Senior Credit Facility
On July 15, 2008, we amended and restated our credit facility.
The $210,000 revolving senior credit facility will expire June 29, 2013. In addition, the revolving senior credit facility includes a letter of credit sub-facility with a sublimit of $50,000 and a swing line sub-facility with a sublimit of $10,000. The $50,000 letter of credit sub-facility does not limit the maximum actual borrowings on the revolving senior credit facility.
This revolving senior credit facility bears interest, at our option, at either (1) LIBOR plus an applicable LIBOR margin of between 2.00% and 3.50% depending on the ratio of our total funded indebtedness to our EBITDA from time to time (“Total Debt Ratio”) or (2) the Base Rate (as defined below) plus an applicable Base Rate Margin of between 0.50% and 2.00% depending on our Total Debt Ratio.
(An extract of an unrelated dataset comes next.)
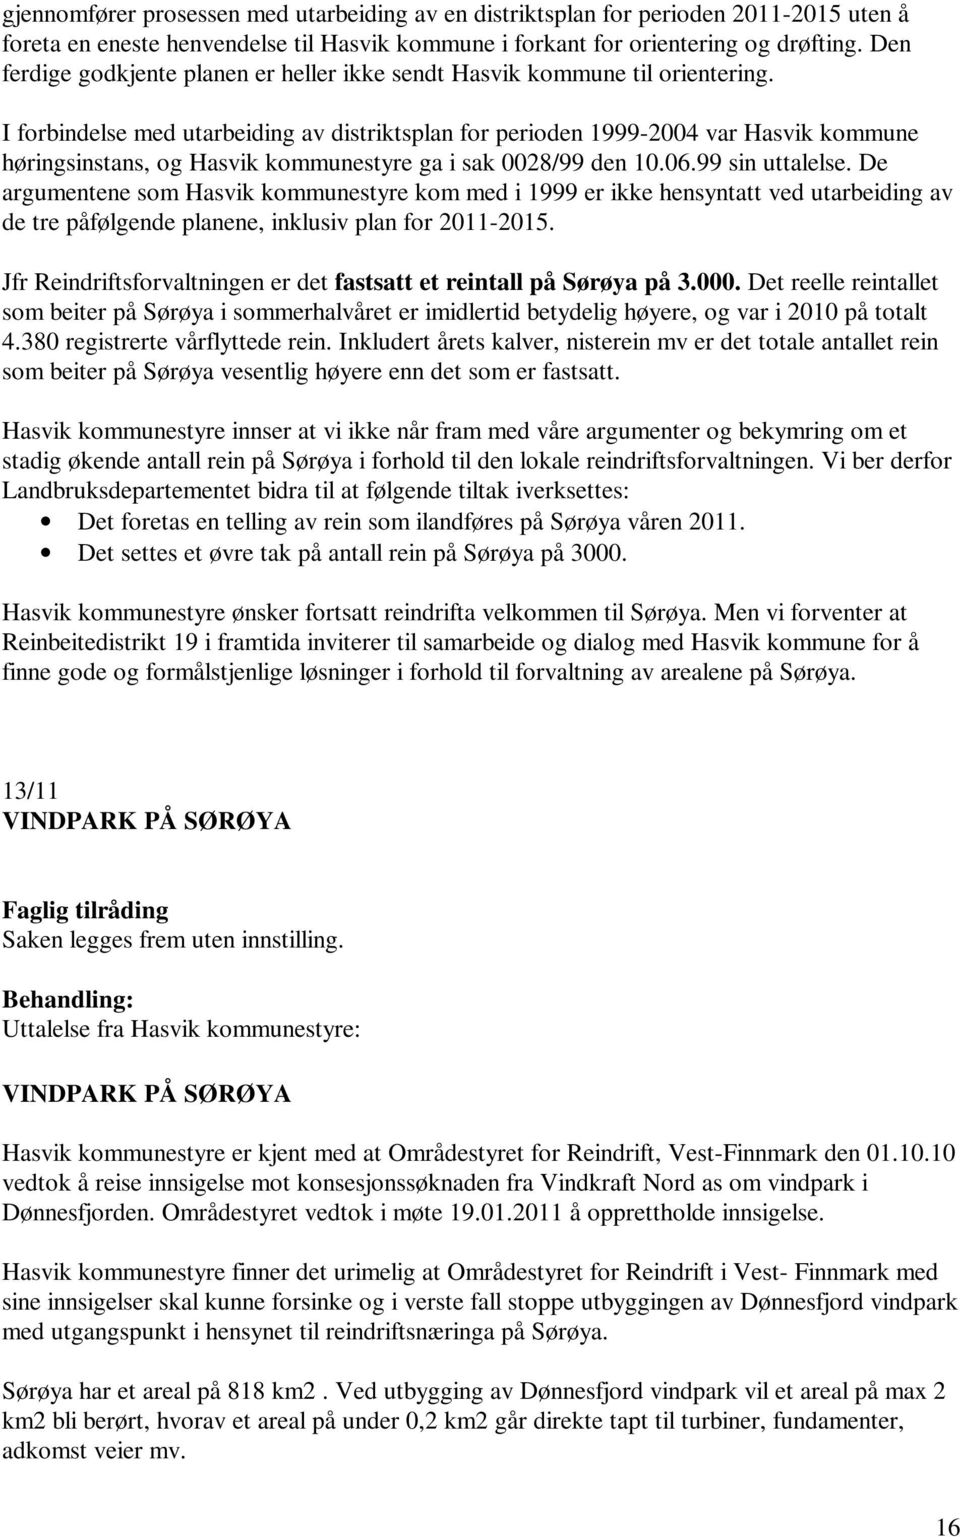 I forbindelse med utarbeiding av distriktsplan for perioden 1999-2004 var Hasvik kommune høringsinstans, og Hasvik kommunestyre ga i sak 0028/99 den 10.06.99 sin uttalelse.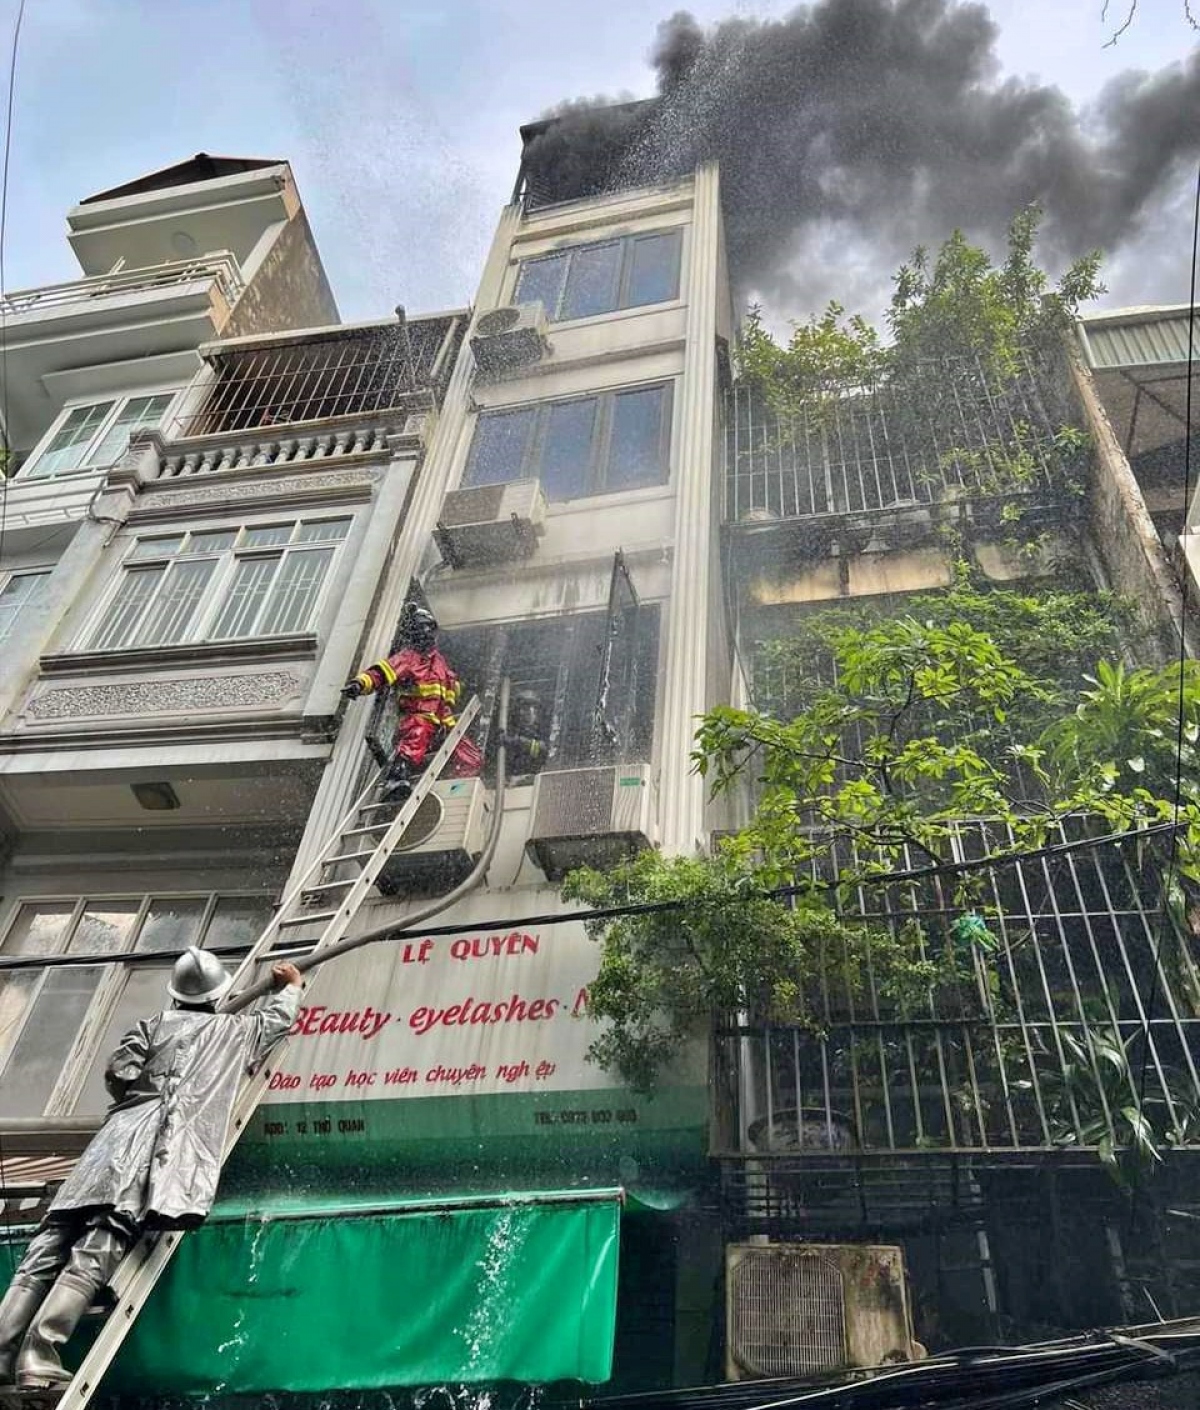 3 nạn nhân trong vụ cháy ở Hà Nội là con và cháu của chủ nhà - Ảnh 2.

We may elect interest periods of one, two, three or nine months for LIBOR based borrowings. The Base Rate is the greater of (i) the rate publicly announced from time to time by Bank of America, N.A. as its “prime rate”, or (ii) the overnight federal funds rate plus 0.50%.
Certain financial covenants limit the Company’s capacity to fully draw on its $210,000 revolving credit facility. Our senior credit facility includes a fixed charge ratio covenant, a total debt to EBITDA ratio covenant, a limit on our ability to incur additional indebtedness, issue preferred stock or pay dividends, and certain other restrictions on our activities. We are required to repay borrowings under our senior credit facility out of the proceeds of future issuances of debt or equity securities and asset sales, subject to certain customary exceptions. Our senior credit facility is secured by substantially all of our assets and all assets acquired in the future (including a pledge of 100% of the stock of our existing and future domestic guarantor subsidiaries and 65% of the stock of our existing and future foreign subsidiaries).
We are in compliance with all of our financial covenants as of September 30, 2011.
The weighted average interest rate on our senior credit facility at September 30, 2011 and December 31, 2010 was 2.2% and 2.6%, respectively. The rate includes all outstanding LIBOR contracts, interest rate cap effect and letters of credit. The weighted average interest rate on outstanding borrowings, not including letters of credit, was 2.2% and 2.6% at September 30, 2011 and December 31, 2010, respectively.
At September 30, 2011, we had $16,823 of letters of credit outstanding under the senior credit facility, borrowings against the senior credit facility aggregated $91,950, and we had $55,705 available under the senior credit facility.